Un sistema al collasso
Lungo i 700 km di costa calabresi una miriade di scarichi abusivi, cattiva depurazione e cemento da spiaggia vanno a braccetto. Ma il vero scandalo riguarda la depurazione. Solo il 37,4% dei cittadini è servito da un sistema di filtraggio adeguato. Sostiene Legambiente nel dossier Acque Nere: «Il mare calabrese viene continuamente violato ed avvelenato. Ad ogni estate si presentano i problemi legati al trattamento delle acque. Mare marrone, miasmi insopportabili, fiumi e mari trasformati in fogne a cielo aperto». Insomma, il sistema è al collasso. E la stagione estiva in corso è finanche peggiore. Prendiamo ad esempio Reggio Calabria, che con 694 reati accertati ha il record in materia di depuratori, scarichi fognari e inquinamento da idrocarburi. Una vera fogna con vista sullo Stretto è quella adiacente al lido comunale “Genoese Zerbi”, al centro della città , molto frequentato dai bagnanti e da sempre considerato, nonostante il degrado, la struttura balneare pubblica cittadina più importante e prestigiosa. Ma nessun cartello che indichi ai bagnanti il divieto di balneazione. Una storia che si ripete ogni anno e puntualmente denunciata dal capogruppo consiliare del movimento Energia Pulita, Antonino Liotta e da Massimo Canale, coordinatore dell’opposizione.

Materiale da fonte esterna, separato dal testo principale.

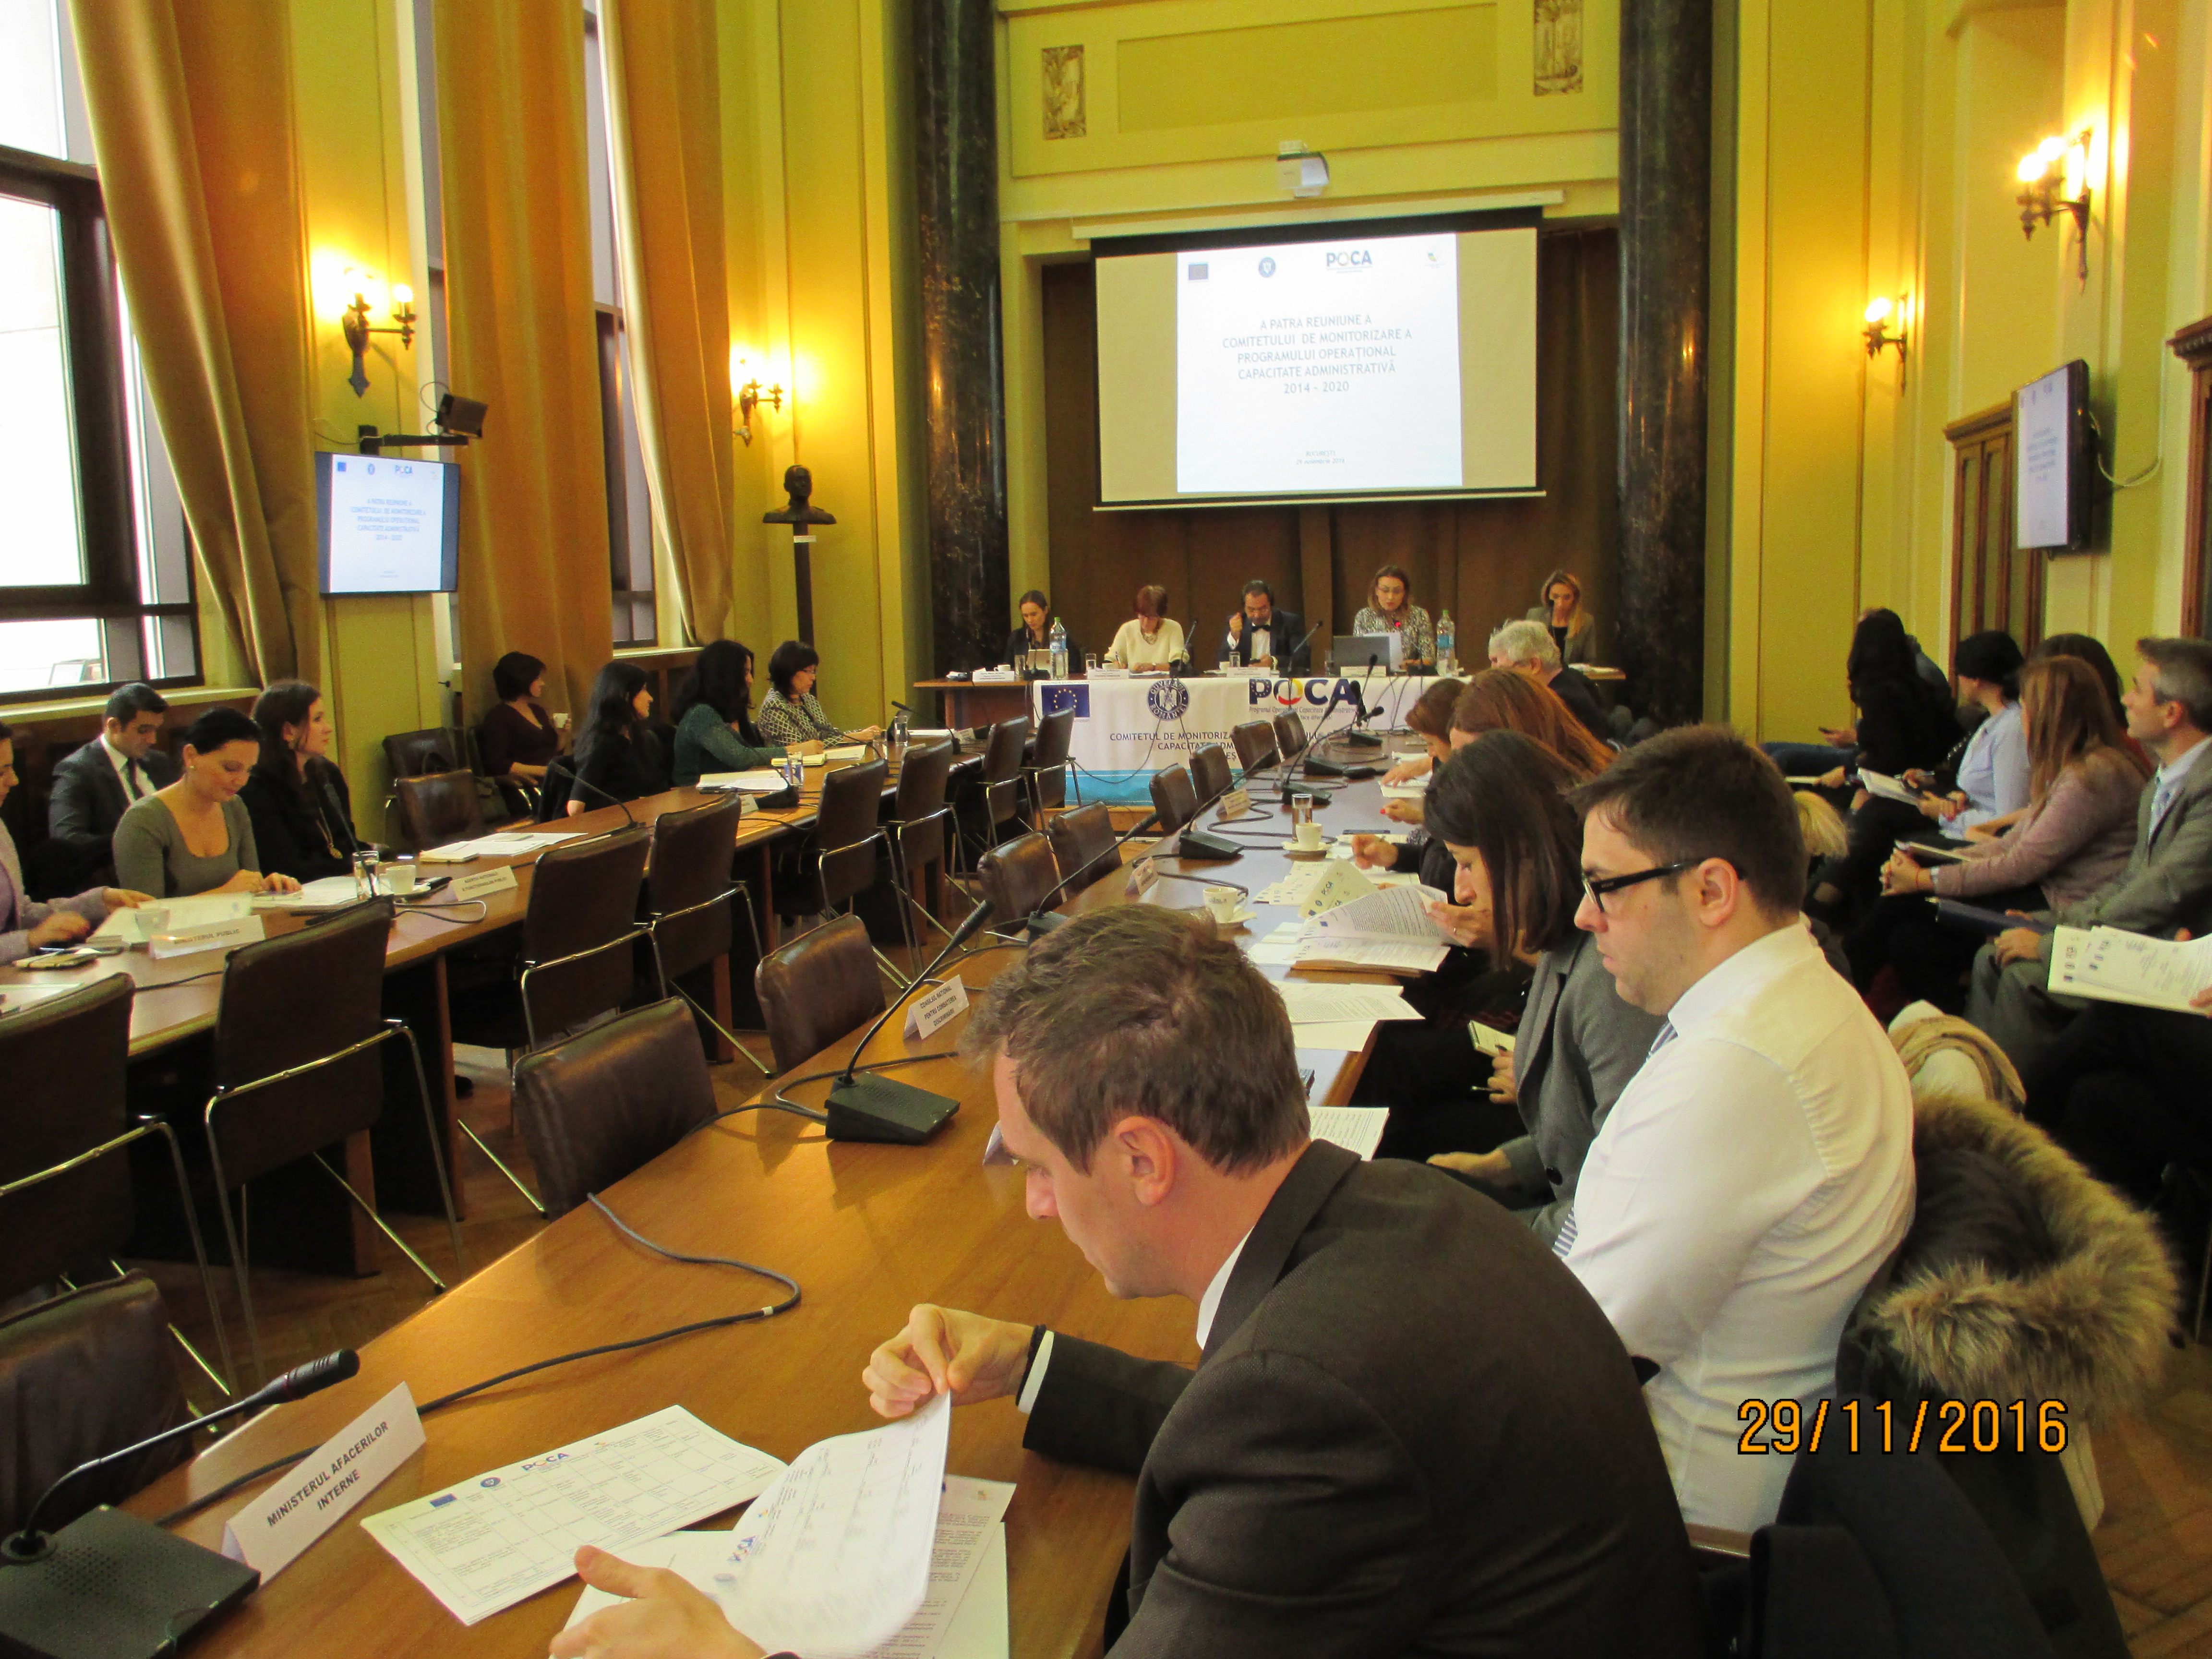 A patra reuniune a CM POCA 2014-2020 va avea loc la București

Per verificare la denuncia di Energia Pulita basta poi collegarsi al sito di Portaleacque.it del Ministero della Salute per accorgersi subito che non solo il lido comunale ma anche le acque antistanti il Circolo Velico (più di un chilometro di costa sempre al centro della città ) sono praticamente out per la balneazione a causa della presenza eccessiva di batteri fecali. «Se le acque non sono balneabili – spiega Eleonora Uccellini di Energia Pulita – i cittadini devono essere informati e il Comune ha l’obbligo di individuare le zone e segnalarle con appositi cartelli». A ciò bisogna aggiungere, secondo i dati del portale internet, i 500 metri di costa adiacenti al torrente Annunziata, i 1100 metri di costa del circolo nautico, oltre a diverse zone periferiche, ma sempre affollate di bagnanti, di Pellaro Lume, Catona, Gallico, tutte zone ben identificate dai tecnici dell’Arpacal e censite secondo il nuovo schema di valutazione delle acque di balneazione. Tutte zone classificate con una x che indica l’acqua «di qualità  scarsa» e quindi con valori molto alti per quanto riguarda la presenza di escherichiacoli e enterococchi. E malgrado tutto considerati balneabili.
La scimmietta
I guai maggiori riguardano, però, la costa calabrese che affaccia sul Tirreno. Con depuratori vecchi e malandati, senza manutenzione o in stato di completo abbandono. Un disastro fin troppo evidente, dal vibonese fino al Tirreno cosentino. Tuttavia la Regione e il suo presidente Peppe Scopelliti (unitamente ai sindaci della zona) come le tre scimmiette fanno finta di non vedere e di non sentire.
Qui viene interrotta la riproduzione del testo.